Shut the system down to single-user mode. This will prevent background
processes from "touching" the disks while they are being changed:
# shutdown now
Determine which HSZ controller is the "master" controller. If the root
file system is on this HSZ pair, attach a terminal/CLI connection and
execute the show command. The output will determine to which
controller the root unit is "ONLINE":
HSZ> show unit
LUN Uses
--------------------------------------------------------------
D300 DISK300
D301 DISK320
D600 DISK600
D601 DISK630
HSZ> show d600
LUN Uses
--------------------------------------------------------------
D600 DISK600
...
State:
ONLINE to this controller
Not reserved
PREFERRED_PATH = THIS_CONTROLLER
...
HSZ> show d300
LUN Uses
--------------------------------------------------------------
D300 DISK300
...
State:
ONLINE to the other controller
PREFERRED_PATH = OTHER_CONTROLLER
...
D600 should be on the master, therefore, stop the controller that is
serving the other units (unit D300 in our example) via the "set
nofailover" command.
In our example, from "HSZ>" issue "set nofailover". Then insert a card
having the new version of firmware into the controller slot that was
shutdown, then reboot the controller (when it restarts, you can disregard
the "Controllers misconfigured." error message) For more information
about updating your HSZ70 firmware, refer to the HSZ70 Configuration
Manual and the Release Notes.
Now switch the cli line to the other HSZ controller and, issue the "set
failover copy=other" command. After the controller reboots, switch back
to the original controller, and issue the "shutdown" command, upgrade its
firmware, and allow the original HSZ controller to reboot.
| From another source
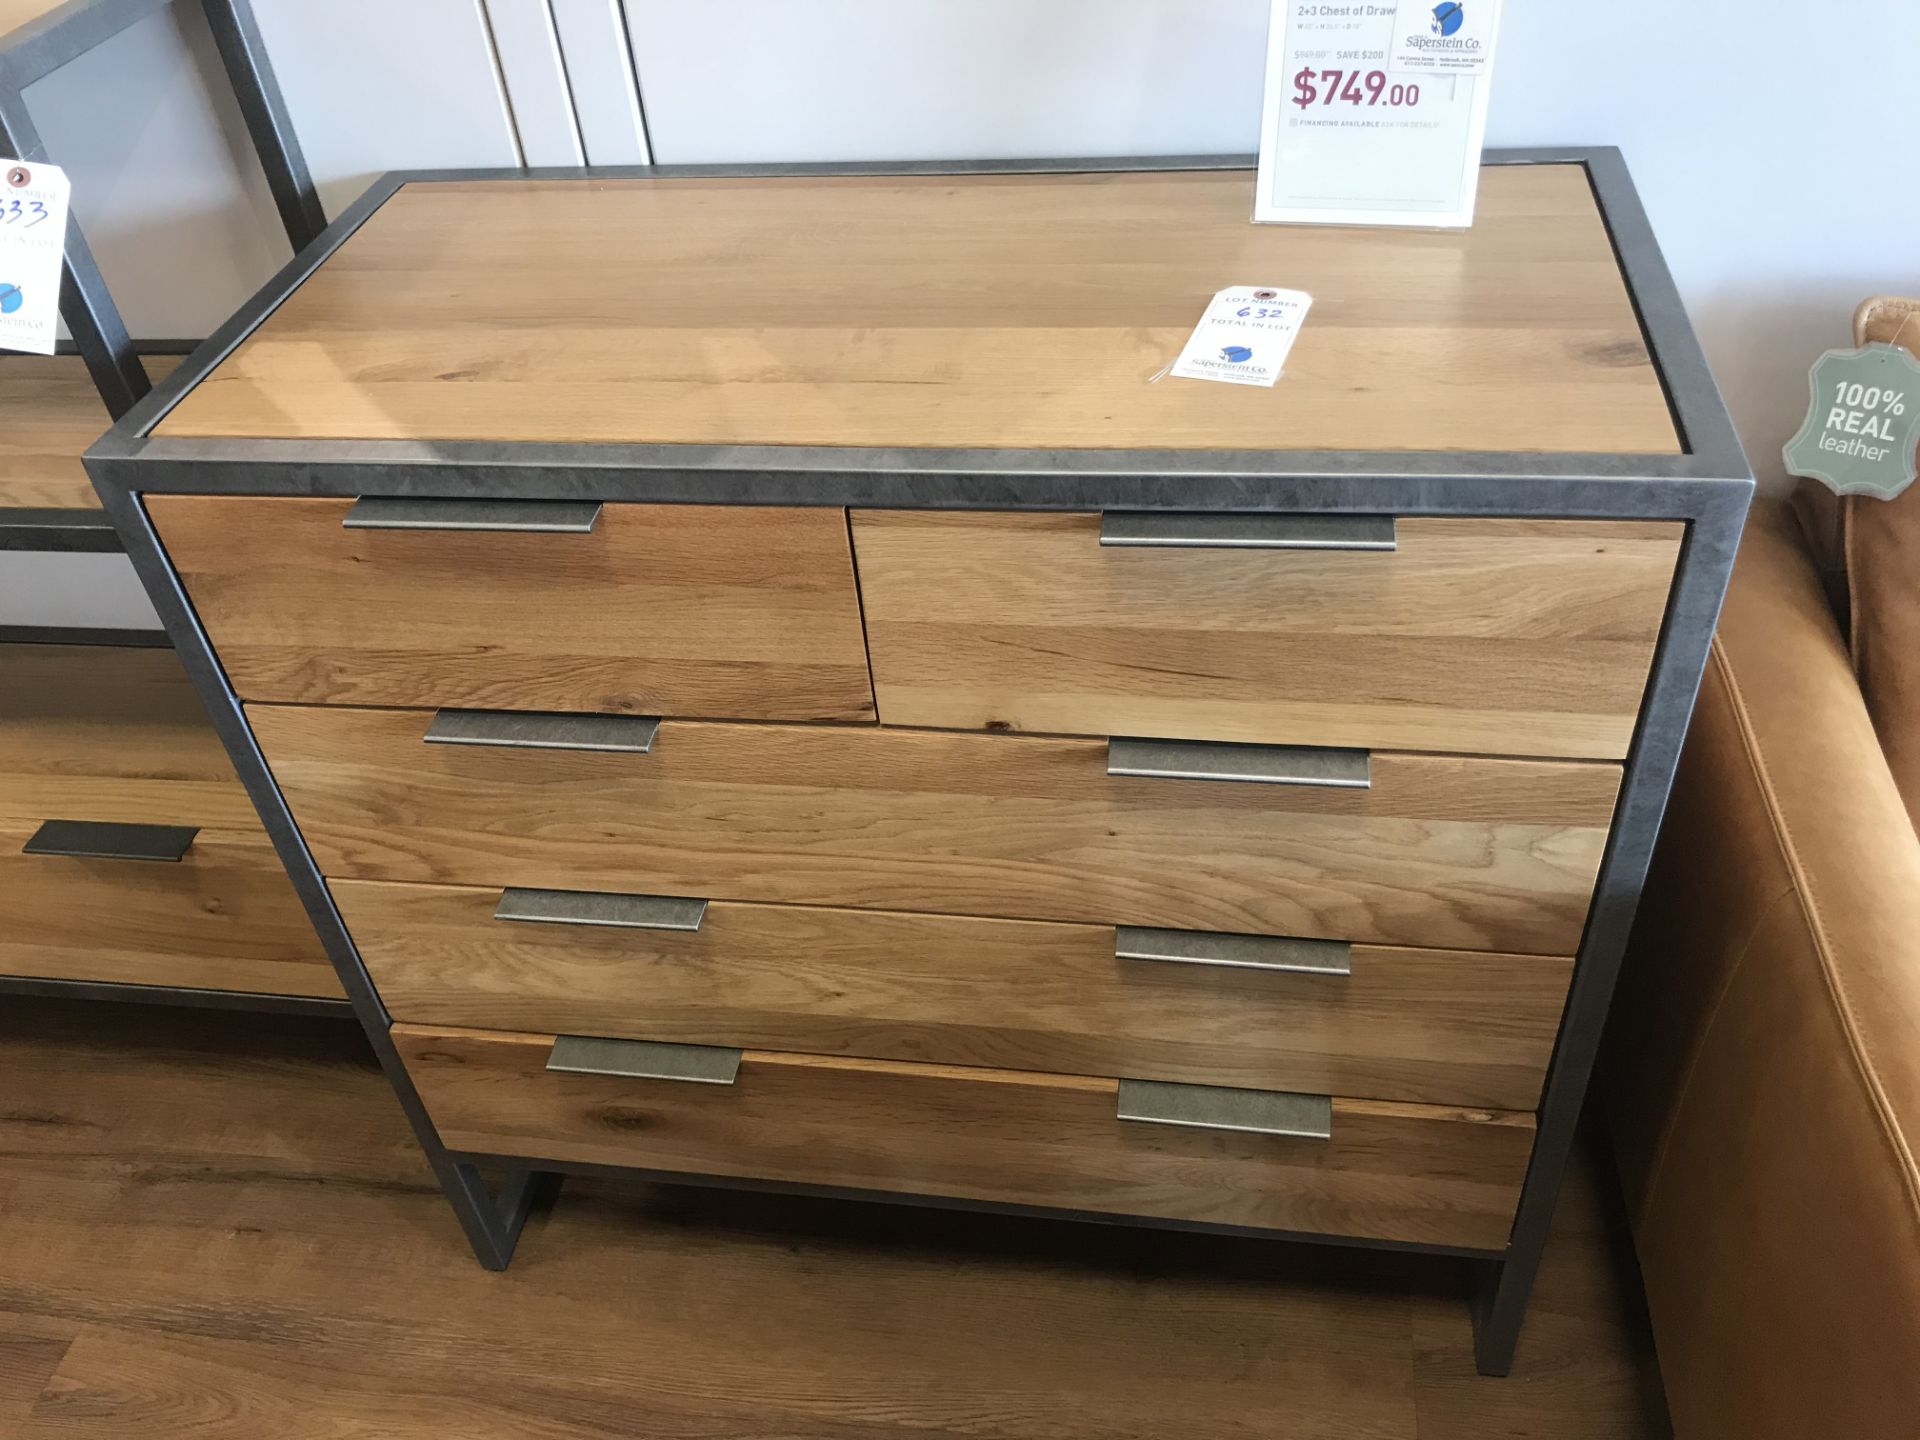 2+3 Chest of Drawers (Brooklyn) See Picture For Dimensions and Product Info

Finally, from the host, issue "hwmgr -scan scsi" command. This will
update system information to find units with the "correct" PID field.
Summary:
Host commands Master HSZ commands "Other" HSZ commands
--------------------------------------------------------------------------
hwmgr -view dev
[find mis-matched HSZ units]
shutdown now
[determine which HSZ is the master]
set nofailover
[upgrade to new F/W]
set failover copy="other"
shutdown
[upgrade to new F/W]
hwmgr -scan scsi [ -bus 1 ]
A word about "hwmgr -scan scsi"...
Depending on the size of your configuration, the scan may take several
minutes to complete. The presence of tape devices will further
increase the delay to complete the scan. For this reason, you may wish to
use the -bus qualifier to specify the bus you want to scan. The correct bus
number can be determined by examining the "location" field of the hwmgr
-view devices output:
# hwmgr -view devices
HWID: Device Name Mfg Model Location
------------------------------------------------------------------------------
...
39: /dev/disk/dsk4c DEC HSZ70 (C) DEC bus-1-targ-6-lun-0
# hwmgr -scan scsi -bus 1
In order to understand which devices need to be redirected to the
newly-created devices, examine the current list of devices prior to
rebooting the system:
# hwmgr -view devices
HWID: Device Name Mfg Model Location
------------------------------------------------------------------------------
4: /dev/kevm
27: /dev/disk/floppy0c 3.5in floppy fdi0-unit-0
34: /dev/disk/dsk0c DEC RZ28 (C) DEC bus-0-targ-1-lun-0
35: /dev/disk/dsk1c DEC RZ26L (C) DEC bus-0-targ-2-lun-0
36: /dev/disk/cdrom0c DEC RRD44 (C) DEC bus-0-targ-5-lun-0
37: /dev/disk/dsk2c DEC HSZ70 bus-1-targ-3-lun-0
38: /dev/disk/dsk3c DEC HSZ70 bus-1-targ-3-lun-1
39: /dev/disk/dsk4c DEC HSZ70 (C) DEC bus-1-targ-6-lun-0
40: /dev/disk/dsk5c DEC HSZ70 (C) DEC bus-1-targ-6-lun-1
41: /dev/cport/scp0 HSZ70 bus-1-targ-3-lun-0
42: /dev/cport/scp1 HSZ70 (C) DEC bus-1-targ-6-lun-0
44: /dev/disk/dsk6c DEC HSZ70 (C) DEC bus-1-targ-3-lun-0
45: /dev/disk/dsk7c DEC HSZ70 (C) DEC bus-1-targ-3-lun-1
Note that you can ignore the control port "scp0" device. We will need to
redirect the following device names (with invalid PID's)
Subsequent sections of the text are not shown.